Example usage

Overview

Imagine that on a central sever we have a data repository

├── Data folder/
│   ├── database release 1/
│   ├── database release 2/
⋮    ⋮
│   └── version index

Elsewhere, in our user directory, perhaps on another computer, things look like this.

├── latest_data/
├── latest_code/
├── results/
│   ├── old_results_with_inputs_1/
│   ├── old_results_with_inputs_2/
│   └── latest_results/
├── catalogue_results/
│   ├── TIMESTAMP1.json
│   ├── TIMESTAMP2.json
│   ├── TIMESTAMP3.json
│   └── TIMESTAMP4.json

Run analysis

We’ve just made some minor tweaks to our code and now we want to run our analysis. Before we start running any of the scripts in our code folder, we run:

catalogue engage --input_data latest_data --code latest_code

Now we run whatever we need to perform our analysis. Immediately after finishing this we run:

catalogue disengage --input_data latest_data --output_data results/latest_results  --code latest_code

This will produce the following file:

// catalogue_results/TIMESTAMP5.json
{
"timestamp" : {
     "engage": "<timestamp (of .lock)>",
     "disengage": "<timestamp (new)>"
   },
"input_data": {
     "latest_data" : "<hash of directory>"
   },
"output_data": {
       "results/latest results":{
           "summary.txt": "<hash of file>",
           "output.csv": "<hash of file>",
           "metadata.json": "<hash of file>"
           }
     },
"code" : {
     "latest_code": "<git commit hash>"
     }
}

Check outputs

Let’s suppose that between TIMESTAMP4 and TIMESTAMP5 we modified the code to output a further file summary.txt, but that otherwise nothing has changed. We would like to check that our file output.csv hasn’t changed but oops! We’ve just overwritten it. Luckily we can compare to the json at TIMESTAMP4.

catalogue compare \
  catalogue_results/TIMESTAMP4.json \
  catalogue_results/TIMESTAMP5.json

Note that this time as we are comparing two specific files (both generated via repro-catalogue) we directly specify the file locations.

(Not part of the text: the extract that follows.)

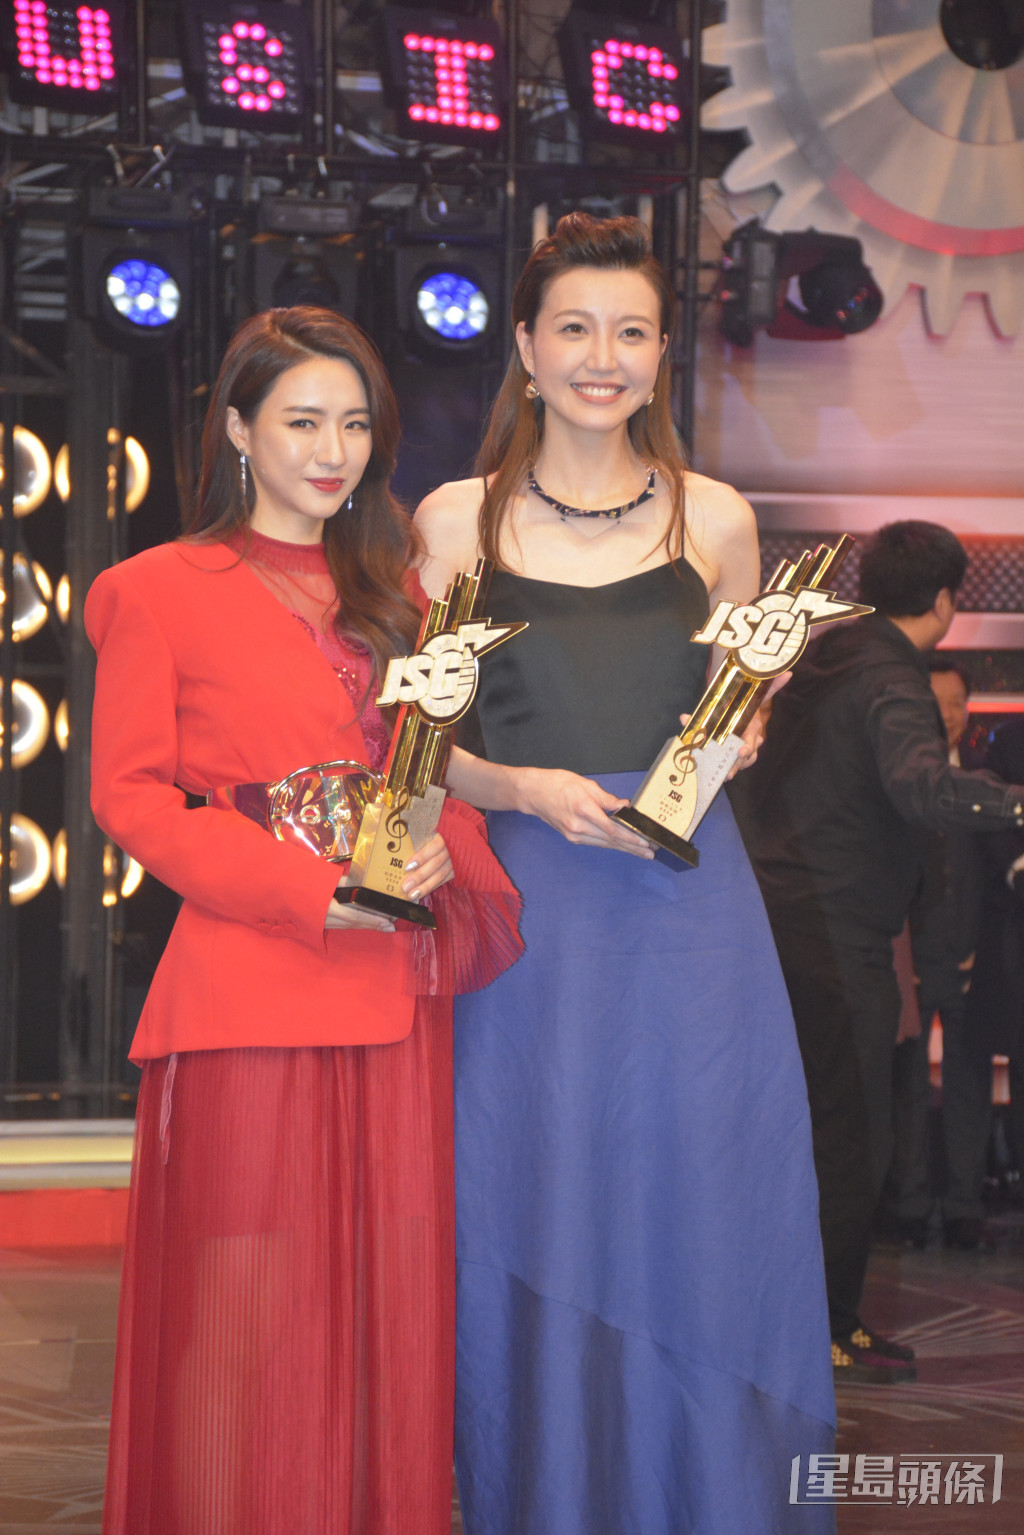 菊梓桥在《2018年度劲歌金曲颁奖典礼》获得“最受欢迎女歌星”奖。

Let us also suppose that one of the other files generated by our analysis, metadata.json, includes a timestamp. The diff would look something like this:

results differ in 3 places:
=============================
timestamp
code
results/latest_results/metadata.json

results matched in 2 places:
==============================
input_data
results/latest_results/output.csv

results could not be compared in 1 places:
============================================
results/latest_results/summary.text

Of course this is what we want:

  • The code has been updated to produce summary.txt, and the timestamps have changed
  • Our data and results have not changed at all
  • Our new file summary.txt could not be compared as that file was not present at TIMESTAMP4

Alternatively, let’s suppose that our changes to the code had affected our results, so that our output.csv file has changed. In that case catalogue would inform us of the problem without us having to permanently store the output of every analysis we run. The hashes alone would not be enough to recover the original TIMESTAMP4 version. But since we have recorded the timestamp, that information can help us track down the data version, and the git commit digest tells us exactly what version of the code is used, making it easier to try and reproduce those results should we wish to do so.

Share outputs

We can then send a zip file of the results to a colleague along with the hash json produced during the final analysis (TIMESTAMP5.json).

They can rerun the analysis and use catalogue to check that the json they received is the same as their own:

catalogue compare TIMESTAMP4.json

OPTIONAL: config

The config command creates a configuration file with argument values for the previous commands. This helps ensure that the process of using repro-catalogue is itself reproducible. Another way to share output is to share a copy of our user directory to a colleague, including separately, a copy of our configuration file. This will allow our colleague to freely run catalogue engage and catalogue disengage without worrying about getting the correct directory paths.

For a detailed example on using config, see the Getting started with catalogue section of this documentation.